_TASK TO CARRY OUT_
This exercise requires an exact copy of each line from the one containing "Before applying hoist" down to the last line below.

_Data extracted from a collection_
#####
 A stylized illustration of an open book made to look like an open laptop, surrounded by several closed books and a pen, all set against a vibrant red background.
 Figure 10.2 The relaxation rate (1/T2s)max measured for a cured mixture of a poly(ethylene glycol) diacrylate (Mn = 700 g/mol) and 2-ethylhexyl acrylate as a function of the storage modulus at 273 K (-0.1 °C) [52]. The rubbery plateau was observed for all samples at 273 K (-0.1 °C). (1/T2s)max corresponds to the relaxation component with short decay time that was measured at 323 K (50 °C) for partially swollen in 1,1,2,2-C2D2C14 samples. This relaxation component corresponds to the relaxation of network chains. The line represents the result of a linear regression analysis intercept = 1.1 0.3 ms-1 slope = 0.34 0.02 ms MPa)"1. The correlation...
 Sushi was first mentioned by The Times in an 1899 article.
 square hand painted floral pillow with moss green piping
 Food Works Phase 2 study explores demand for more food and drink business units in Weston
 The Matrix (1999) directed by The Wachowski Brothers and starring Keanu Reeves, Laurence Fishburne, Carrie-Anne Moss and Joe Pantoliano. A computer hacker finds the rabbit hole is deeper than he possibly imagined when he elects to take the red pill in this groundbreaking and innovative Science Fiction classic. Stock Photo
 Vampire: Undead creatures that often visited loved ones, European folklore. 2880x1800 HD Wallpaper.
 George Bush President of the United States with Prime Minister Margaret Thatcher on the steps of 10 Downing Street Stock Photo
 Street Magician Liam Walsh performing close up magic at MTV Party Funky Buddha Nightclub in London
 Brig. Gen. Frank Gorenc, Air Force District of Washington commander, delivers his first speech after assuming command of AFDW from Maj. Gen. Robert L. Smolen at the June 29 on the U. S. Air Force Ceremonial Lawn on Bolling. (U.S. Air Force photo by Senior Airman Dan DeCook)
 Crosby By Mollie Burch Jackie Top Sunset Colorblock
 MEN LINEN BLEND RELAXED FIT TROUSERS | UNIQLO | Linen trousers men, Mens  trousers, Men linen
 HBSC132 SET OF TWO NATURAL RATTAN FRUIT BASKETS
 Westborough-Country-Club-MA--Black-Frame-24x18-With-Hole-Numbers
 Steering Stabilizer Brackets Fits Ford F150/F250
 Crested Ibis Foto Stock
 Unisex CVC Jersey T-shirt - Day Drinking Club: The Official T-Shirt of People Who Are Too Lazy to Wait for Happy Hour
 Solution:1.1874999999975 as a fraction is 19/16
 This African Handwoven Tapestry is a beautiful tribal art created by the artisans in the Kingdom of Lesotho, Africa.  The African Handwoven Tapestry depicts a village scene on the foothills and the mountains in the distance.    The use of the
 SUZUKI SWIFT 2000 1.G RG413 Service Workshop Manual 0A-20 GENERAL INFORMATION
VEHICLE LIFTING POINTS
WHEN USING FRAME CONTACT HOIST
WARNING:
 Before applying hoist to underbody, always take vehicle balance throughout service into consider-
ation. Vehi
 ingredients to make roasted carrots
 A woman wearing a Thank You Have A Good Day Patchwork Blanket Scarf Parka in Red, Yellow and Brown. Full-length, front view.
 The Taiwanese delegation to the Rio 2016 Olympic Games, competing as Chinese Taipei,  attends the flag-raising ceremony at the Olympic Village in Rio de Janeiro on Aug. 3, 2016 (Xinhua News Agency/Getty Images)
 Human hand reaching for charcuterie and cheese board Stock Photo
#####
_SOLUTION_
 Before applying hoist to underbody, always take vehicle balance throughout service into consider-
ation. Vehi
 ingredients to make roasted carrots
 A woman wearing a Thank You Have A Good Day Patchwork Blanket Scarf Parka in Red, Yellow and Brown. Full-length, front view.
 The Taiwanese delegation to the Rio 2016 Olympic Games, competing as Chinese Taipei,  attends the flag-raising ceremony at the Olympic Village in Rio de Janeiro on Aug. 3, 2016 (Xinhua News Agency/Getty Images)
 Human hand reaching for charcuterie and cheese board Stock Photo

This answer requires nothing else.